▸ **SOURCE MATERIAL**:

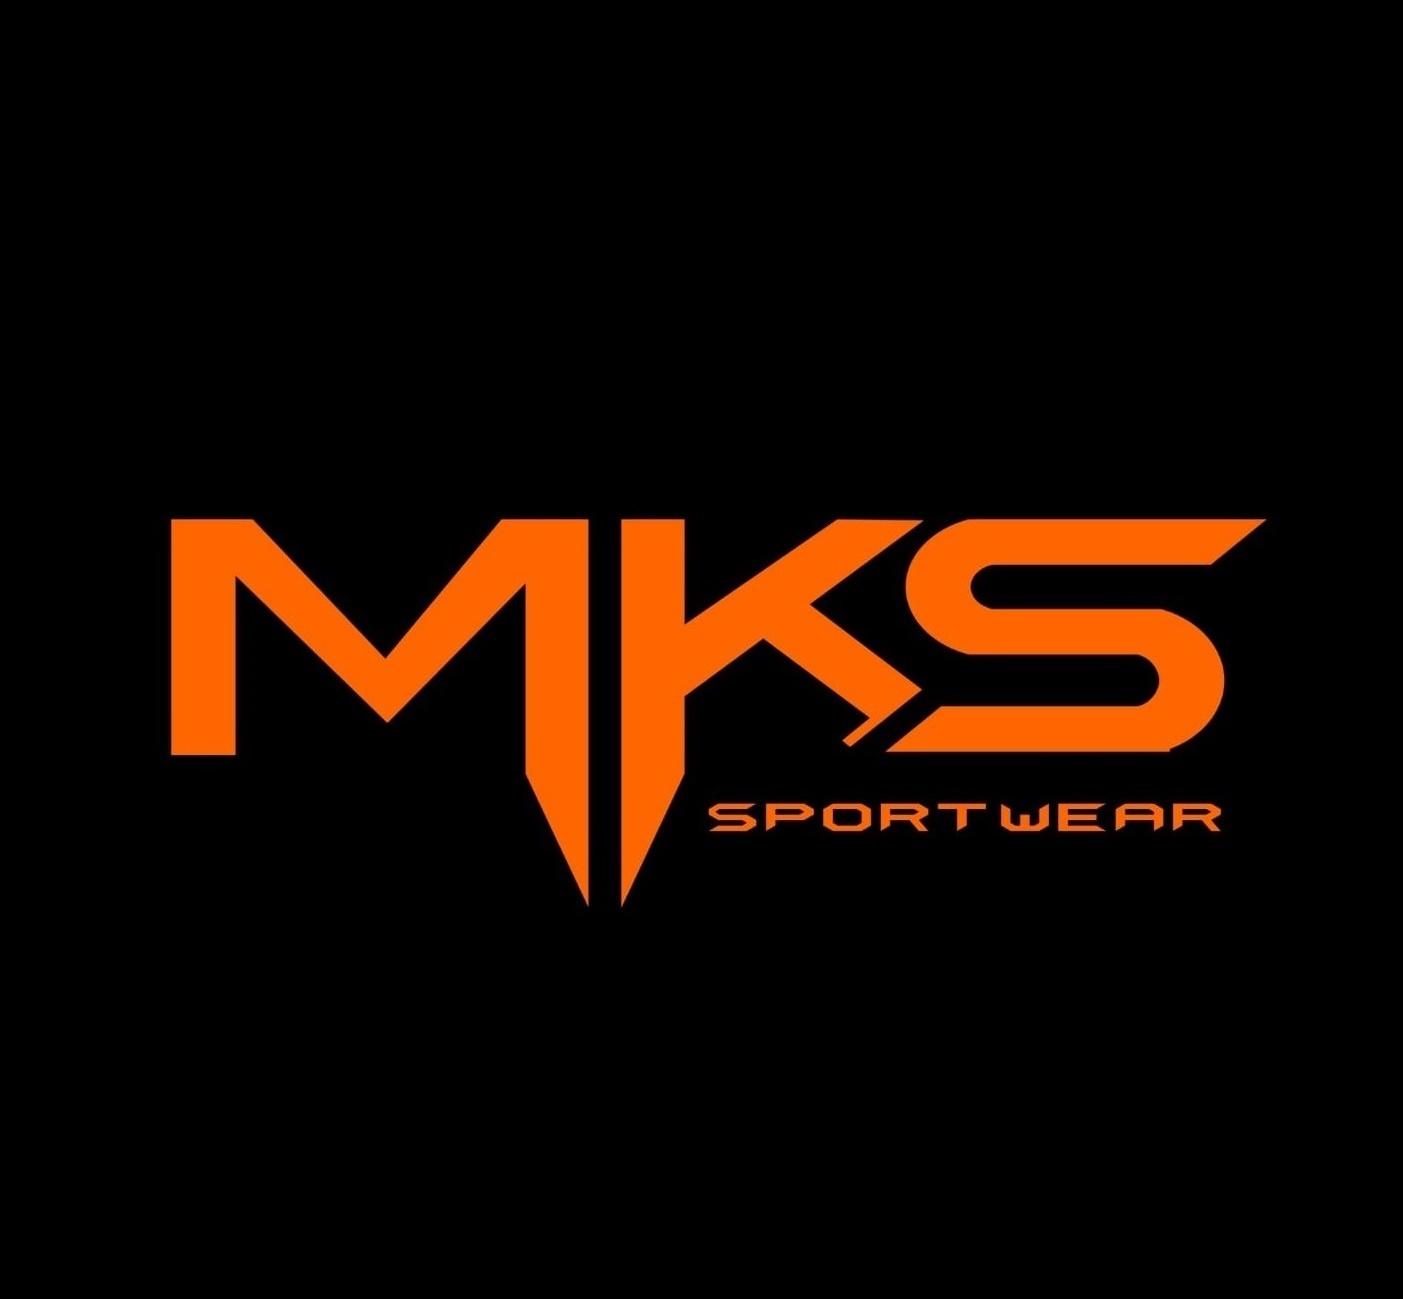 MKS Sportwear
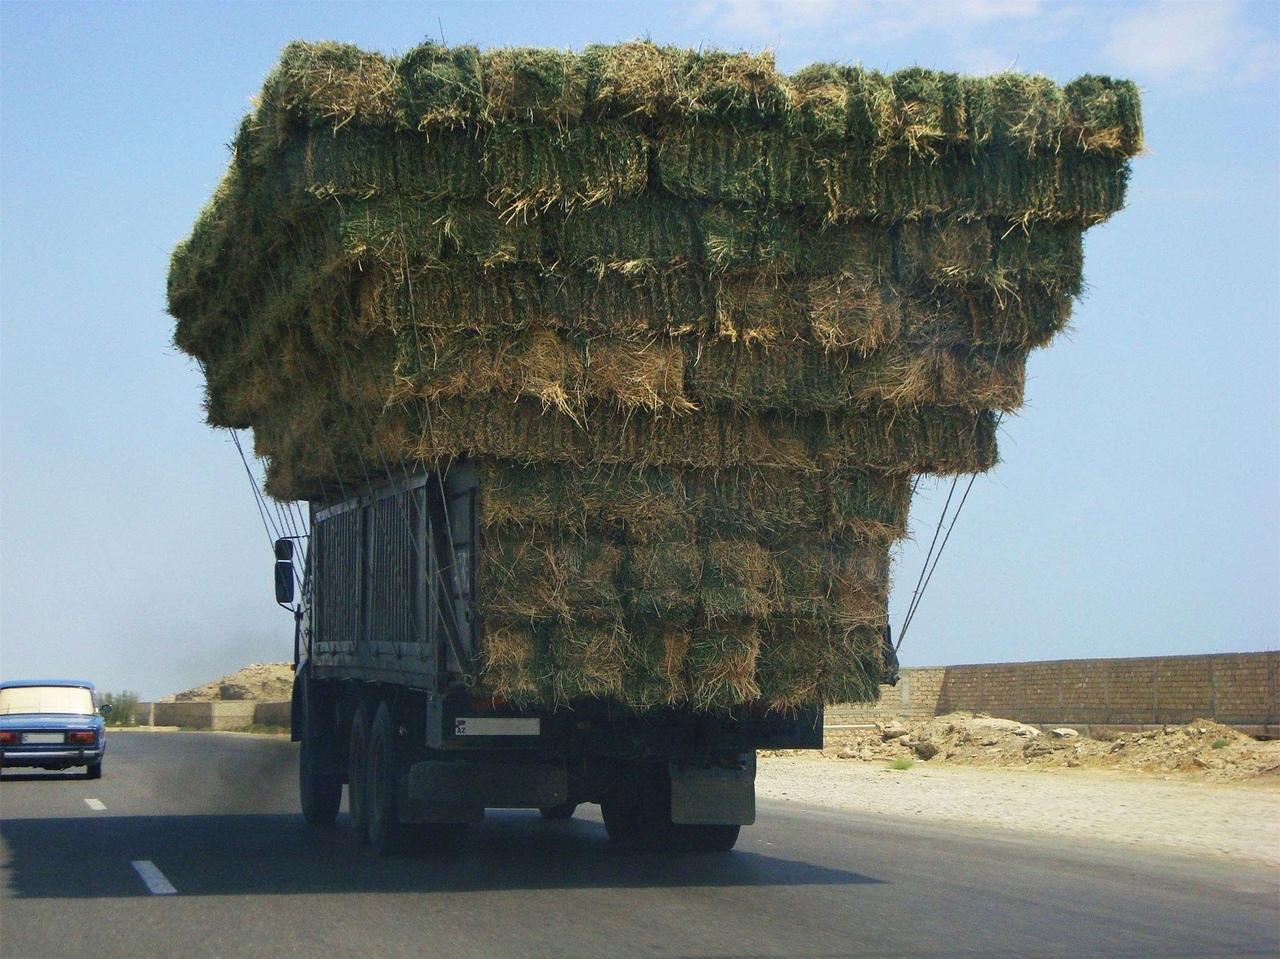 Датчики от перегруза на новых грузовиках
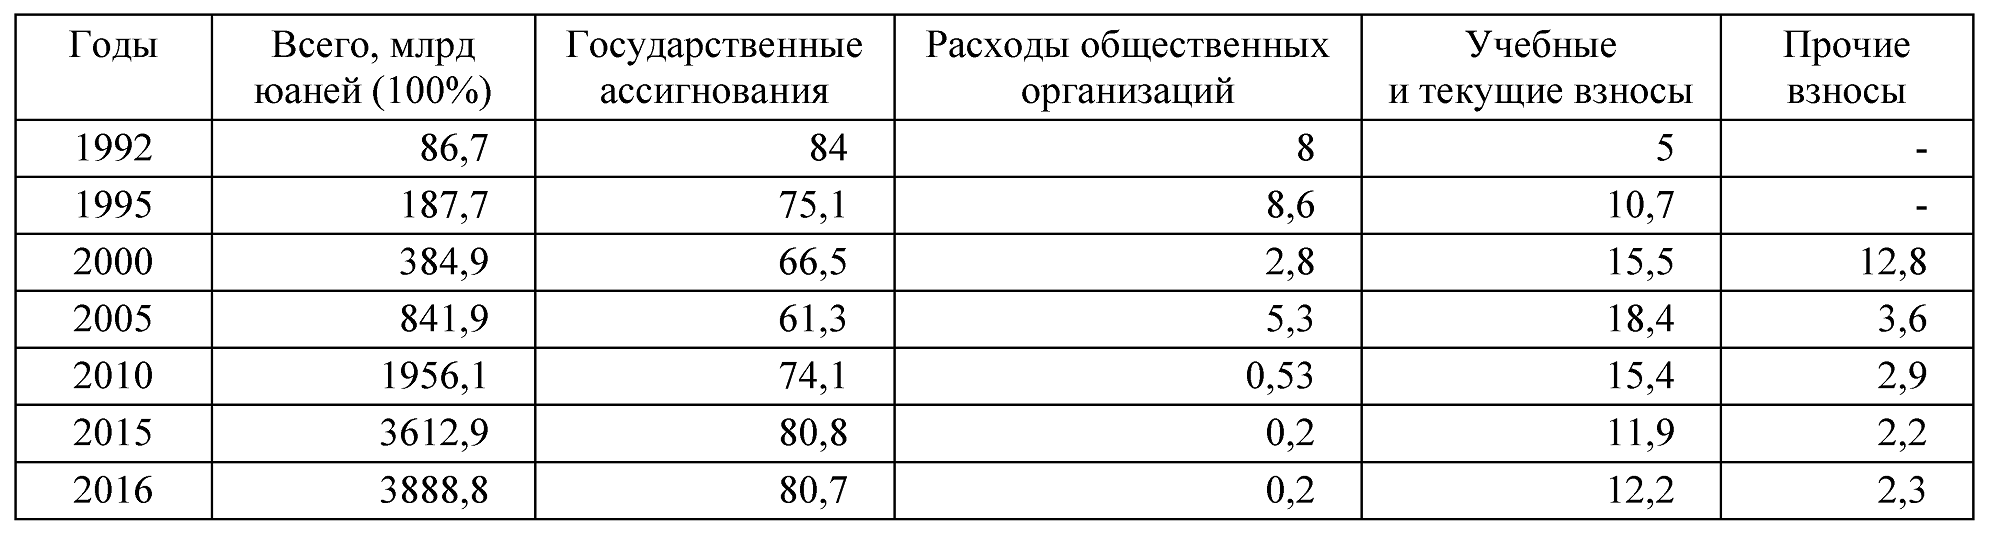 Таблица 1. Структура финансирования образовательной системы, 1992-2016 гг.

▸ **EXERCISE GOAL**: A word-for-word repetition of the data above, without pictures, is the expected answer.

▸ **RESULT OF THIS EXERCISE**:
 MKS Sportwear
 Датчики от перегруза на новых грузовиках
 Таблица 1. Структура финансирования образовательной системы, 1992-2016 гг.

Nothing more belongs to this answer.